Let me tell you a story.

It’s a story about a little girl who grows up and is supposed to find herself, just like many stories are.

So what’s the good of hearing yet another rehashed version of every story ever? I don’t know!

But here it is anyway, take it, how you need it:

A girl grew up in an ordinary house in an ordinary forest, but she didn’t know this yet. Her eyes were not yet opened like you and me, and she could still see fairies and other magic things, flittering through the branches of her favorite, secret spots in the woods.

Her ordinary house sat next to an ordinary farm. This meant that the little girl’s little youth was full of stray cats that would appear out of nowhere, only to disappear into nowhere back again.

Her favorite of these cats was a big orange one. She chose him from a litter of kittens they found because he was the strongest. Endless summers went by, her cat tagging along beside her on her imaginary adventures.

Ponder for just a moment, on whatever days you spent, in whatever magical backyard you may have plodded through, and remember all your own dealings with beasts and people that weren’t actually there. Such was the kind of way our little heroine spent her tender years.

You may also remember, how those tender years hardened.
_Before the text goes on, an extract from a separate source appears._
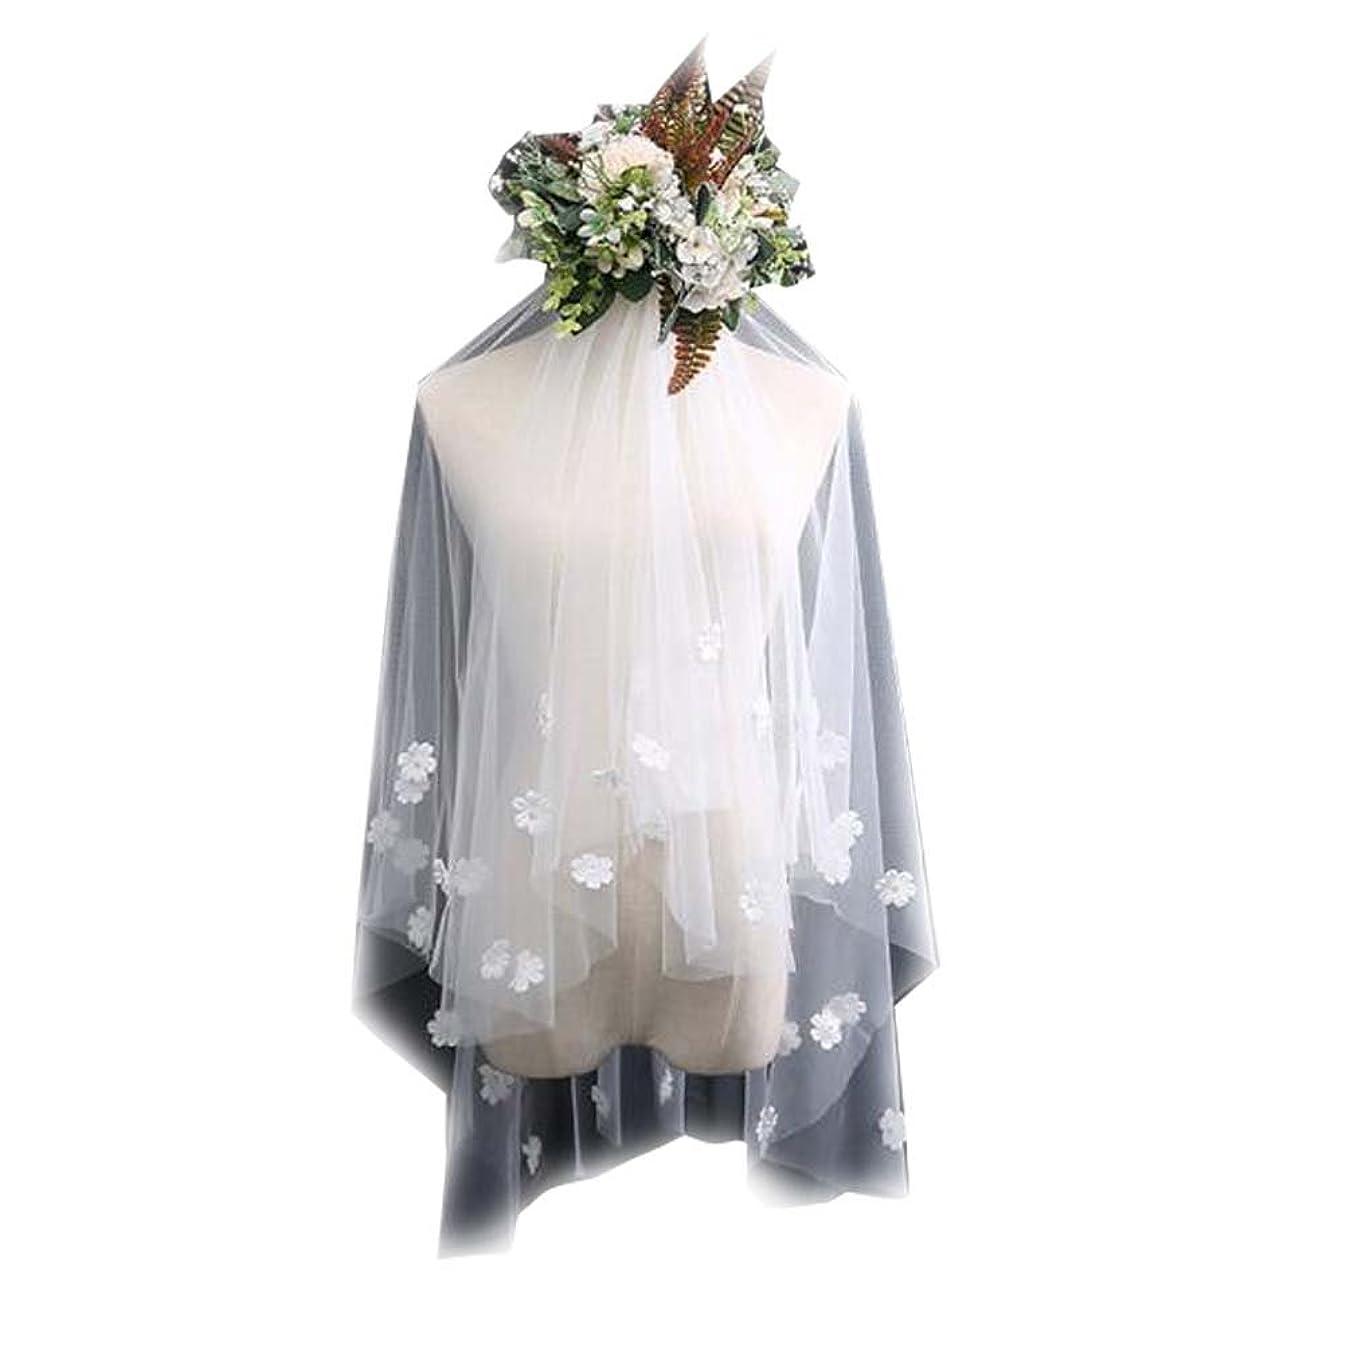 感染する神経障害カメラレースアップリケ#2でエレガントな結婚式のブライダルベール白のブライダルベール

Was it all at once like a crack of thunder? Did it shake you to your bones? Or was it more gradual and soft, like drifting on a boat out into a lazy lake?
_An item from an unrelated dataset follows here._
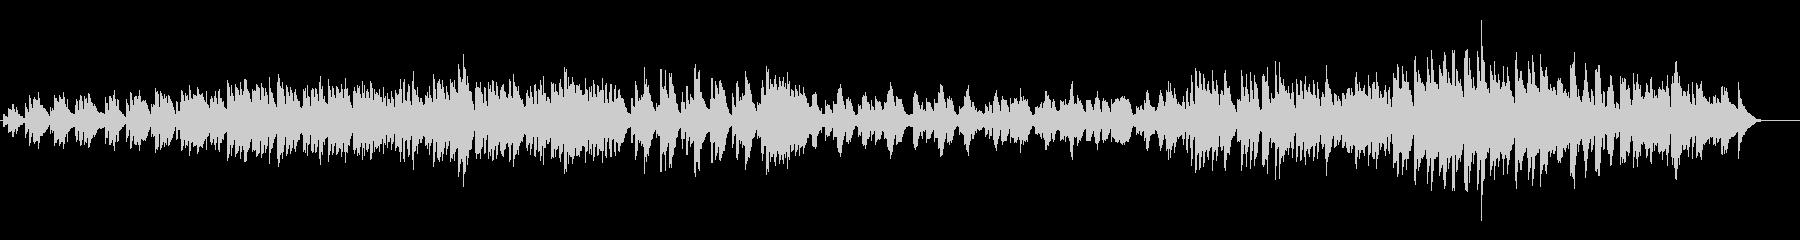 ハープの疾走感あふれる曲の未再生の波形

For our protagonist, her youth left her like a sleeking fox, stealing away unnoticed with its stolen bounty in the night. It was gone one day, without her knowing it was ever leaving. Much like the day she realized her faithful, orange cat had gone back to nowhere.

This is why we write the story of the little girl growing up, over and over again. Because in the real story she never finds herself, and we are left to wonder where it was along the long way, that we may have left ourselves too.